### What you need to do
Across the whole listing, return each line exactly, with no images included.

### Given data
-- Opening Marker --
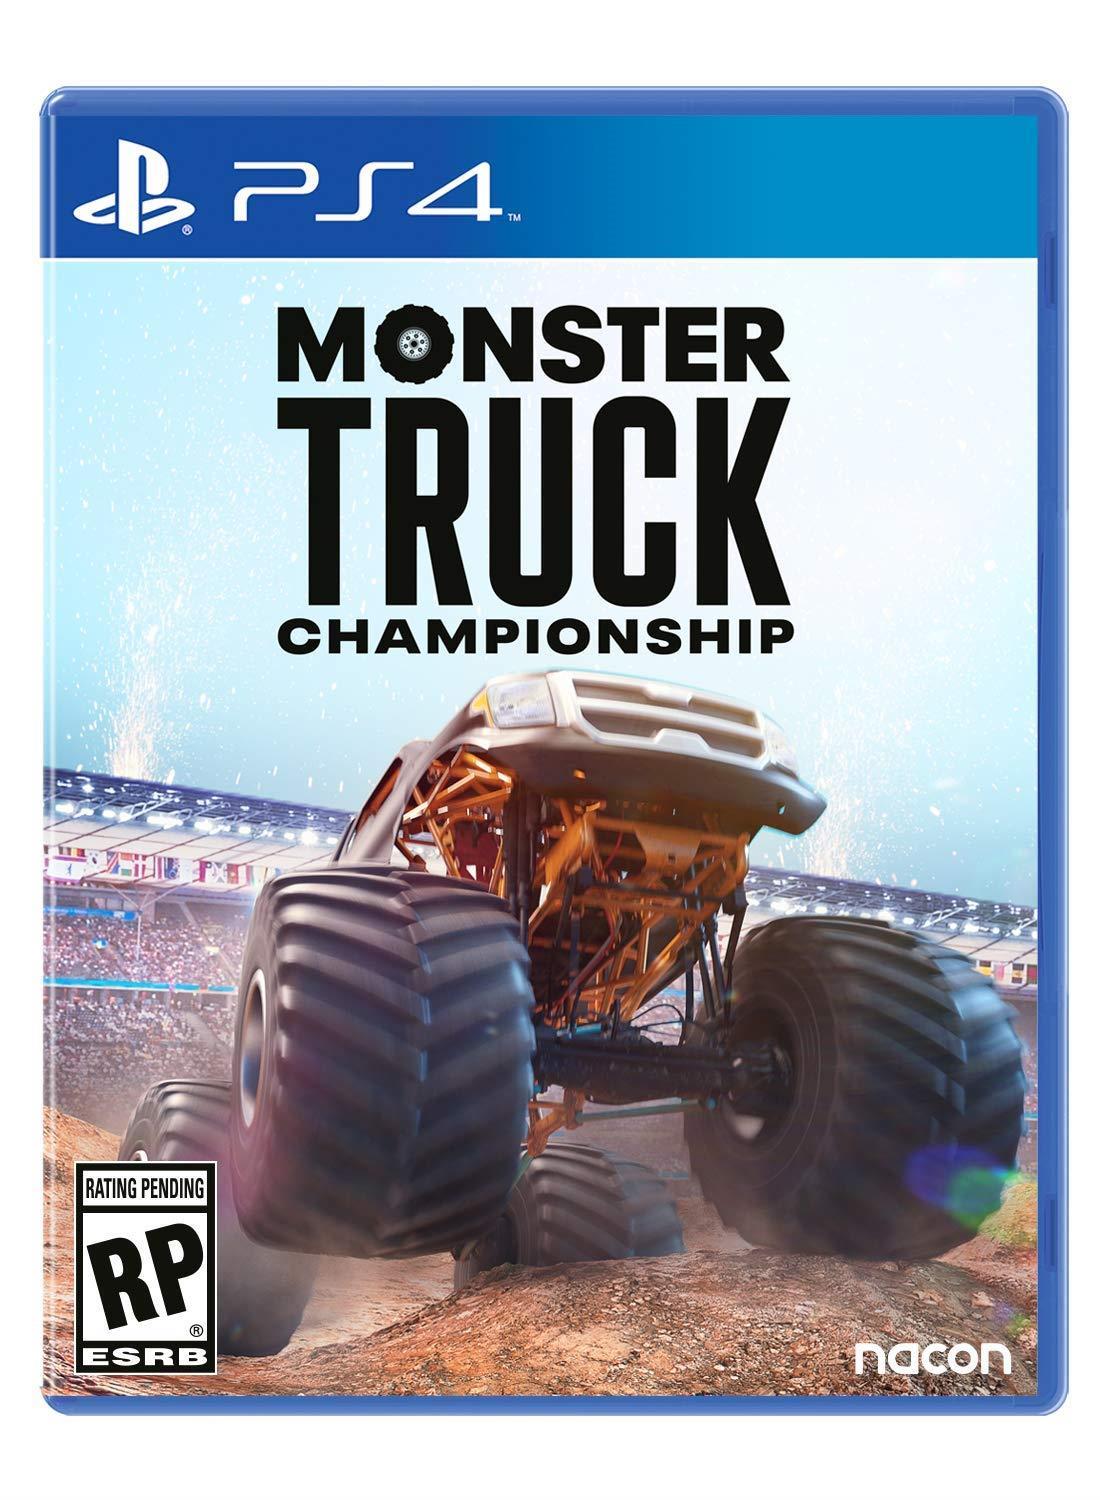 Monster Truck Championship - With these giant vehicles, you will be able all
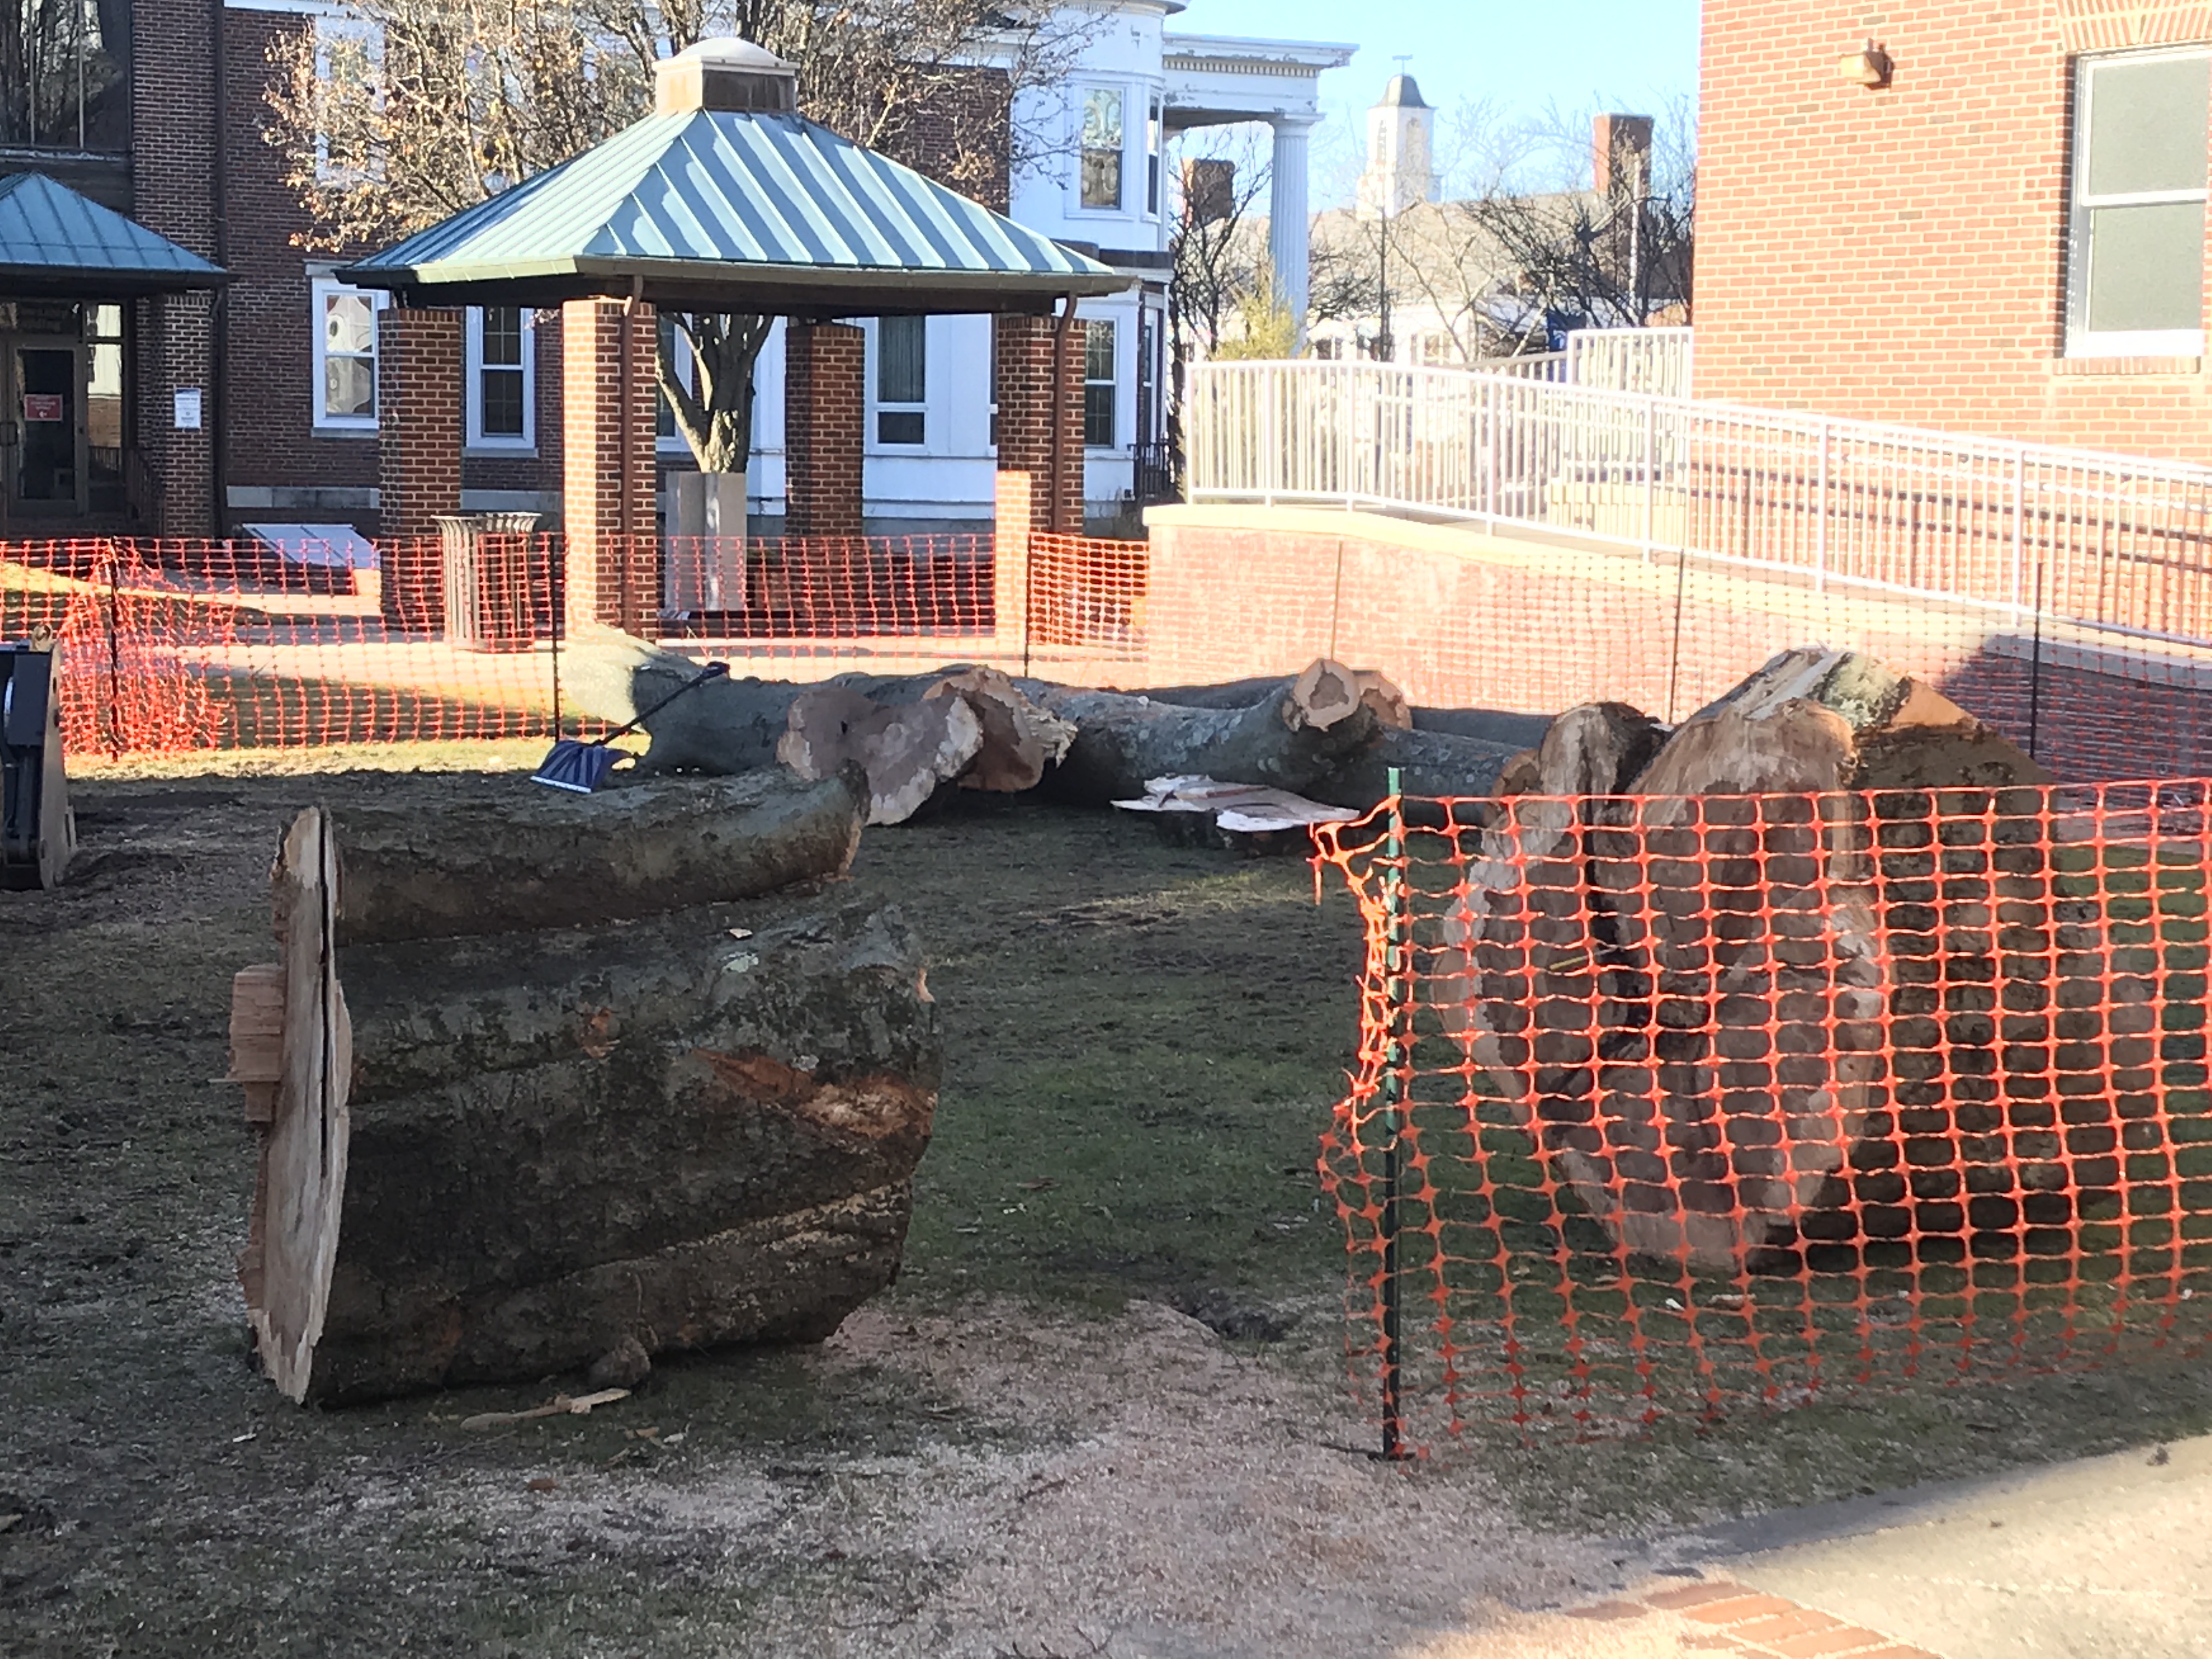 The remnants of a nearly century-old tree cut down in Toms River, Dec. 4, 2018. (Photo: Daniel Nee)
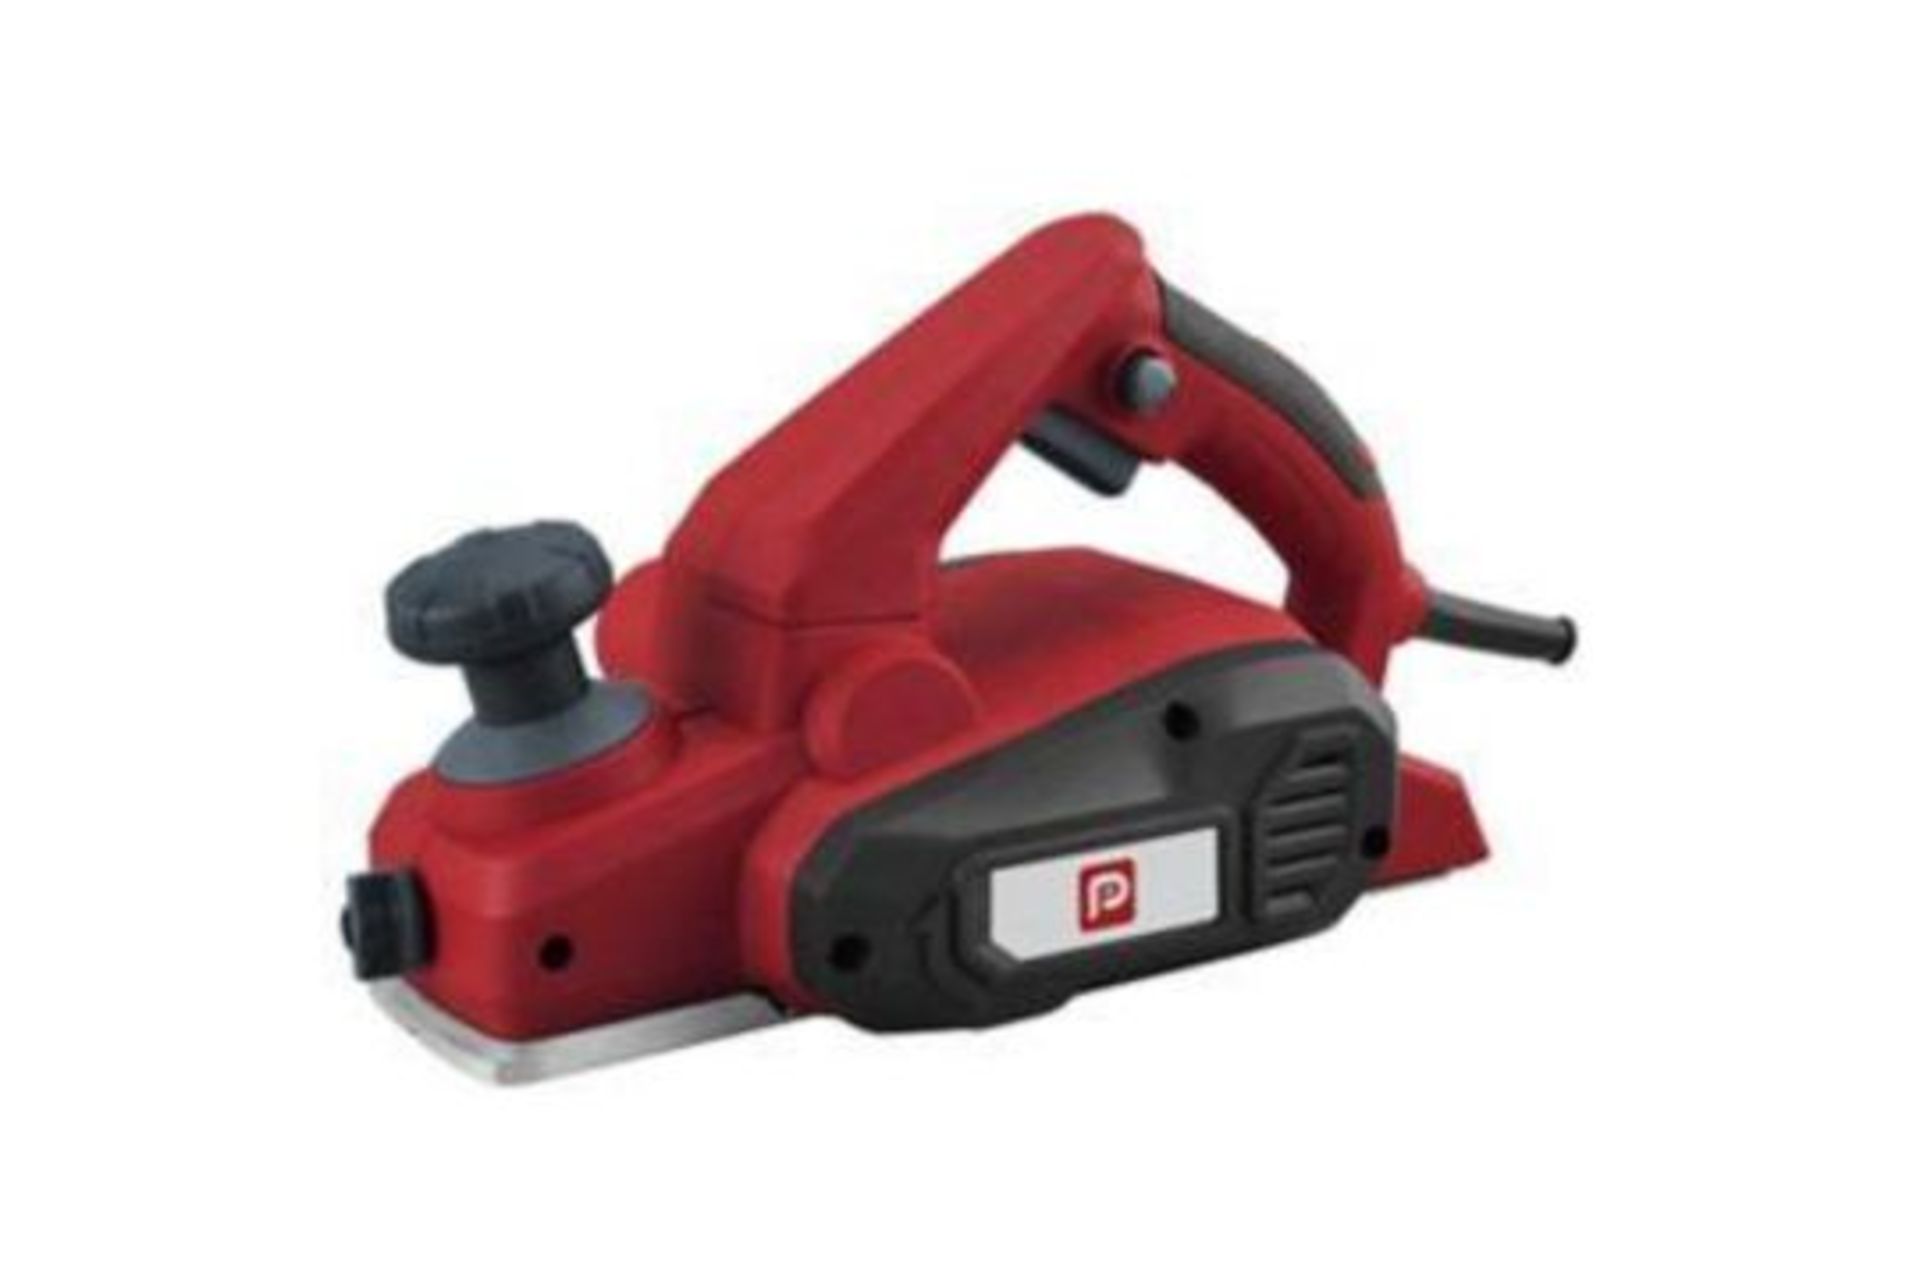 Performance Power 650W 220-240V 2mm Corded Planer Php650C - R13A.3 This corded planer can be used
-- Closing Marker --
### Solution for this problem
 Monster Truck Championship - With these giant vehicles, you will be able all
 The remnants of a nearly century-old tree cut down in Toms River, Dec. 4, 2018. (Photo: Daniel Nee)
 Performance Power 650W 220-240V 2mm Corded Planer Php650C - R13A.3 This corded planer can be used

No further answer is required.